Allen Yanes

Personal information
- Full name: Allen José Yanes Pinto
- Date of birth: July 4, 1997 (age 28)
- Place of birth: Los Angeles, California, United States
- Height: 1.79 m (5 ft 10 in)
- Position: Left-back

Team information
- Current team: Mixco
- Number: 37

Youth career
- 2010–2015: Achik'

Senior career*
- Years: Team / Apps / (Gls)
- 2015–2018: Antigua / 66 / (1)
- 2018–2019: New York Red Bulls II / 19 / (0)
- 2020–2023: Comunicaciones / 135 / (2)
- 2023–: Mixco / 49 / (0)

International career^{‡}
- 2012–2013: Guatemala U17 / 7 / (0)
- 2014–2015: Guatemala U20 / 4 / (0)
- 2019: Guatemala U23 / 6 / (0)
- 2018–: Guatemala / 13 / (1)

= Allen Yanes =

Guatemalan footballer (born 1997)

Allen José Yanes Pinto (born 4 July 1997) is a professional footballer who plays as a left-back for Liga Bantrab club Mixco. Born in the United States, he represents the Guatemala national team.

==Early life==
Yanes was born on 4 July 1997 in Los Angeles, but later moved to Jalapa and lived there for 10 years. At 13 years old, Yanes joined the Achik' youth academy in Guatemala City.

==Club career==
===Antigua===
====2015–16: Debut season and first league title====
In 2015, Yanes signed his first professional contract with Antigua in Liga Nacional de Fútbol de Guatemala. During his first two years with Antigua, he won two league titles in the 2015–16 and 2016–17 seasons.

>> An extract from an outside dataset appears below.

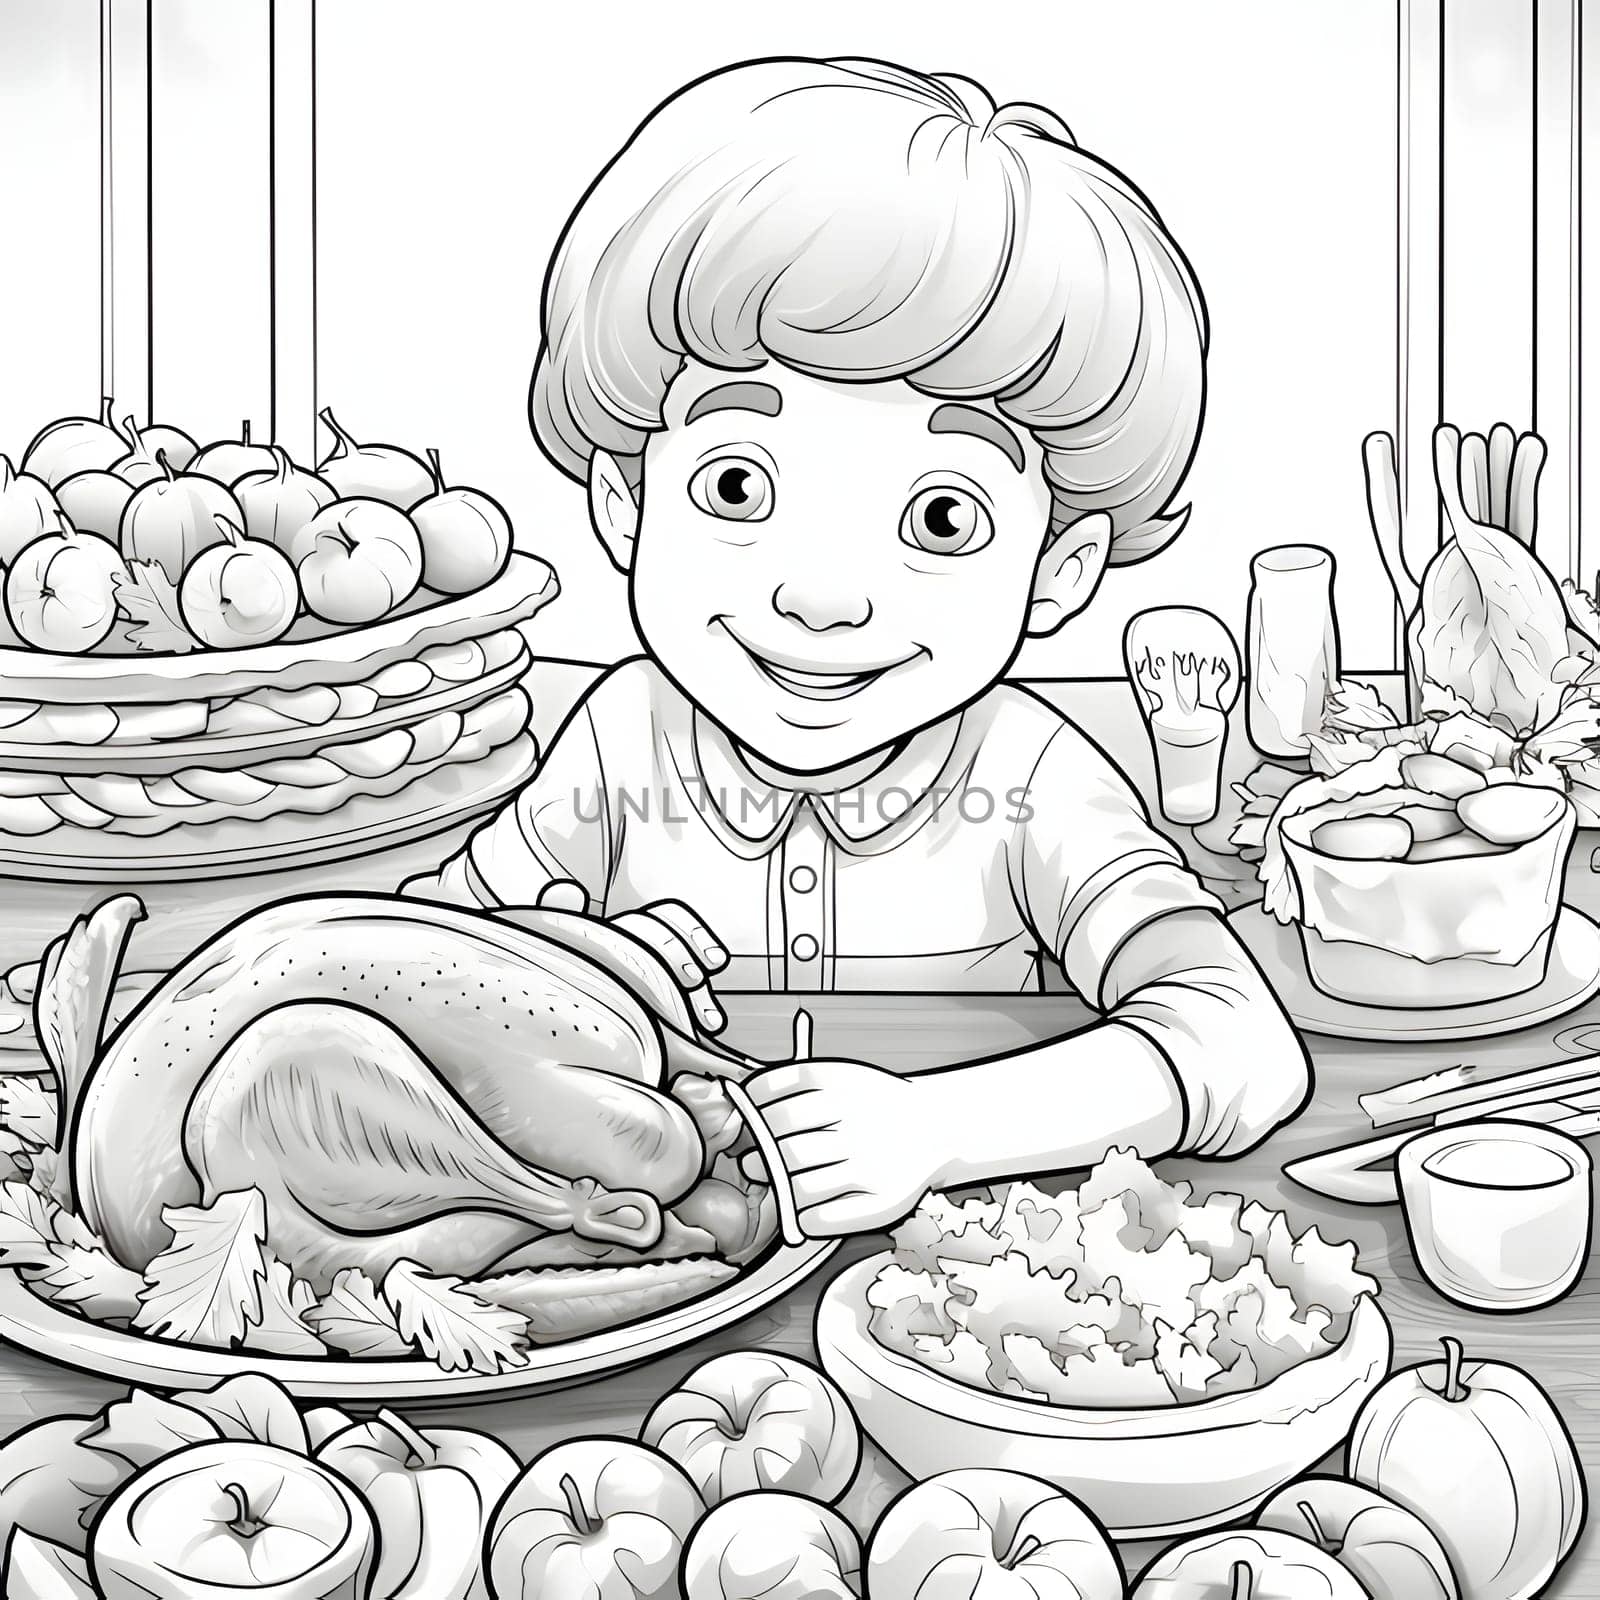 A little boy at the Thanksgiving Day table. Turkey as the main dish of thanksgiving for the harvest. Black and White coloring book. by ThemesS

====2016–17: La Segunda====
On 18 October 2016, Yanes made his CONCACAF Champions League debut in a 3–1 defeat against Alianza.

====2017–18: La Tercera and departure====
Yanes scored his first goal in a 3–2 loss against Suchitepéquez on 19 April 2018. He ended the season with his third consecutive league title.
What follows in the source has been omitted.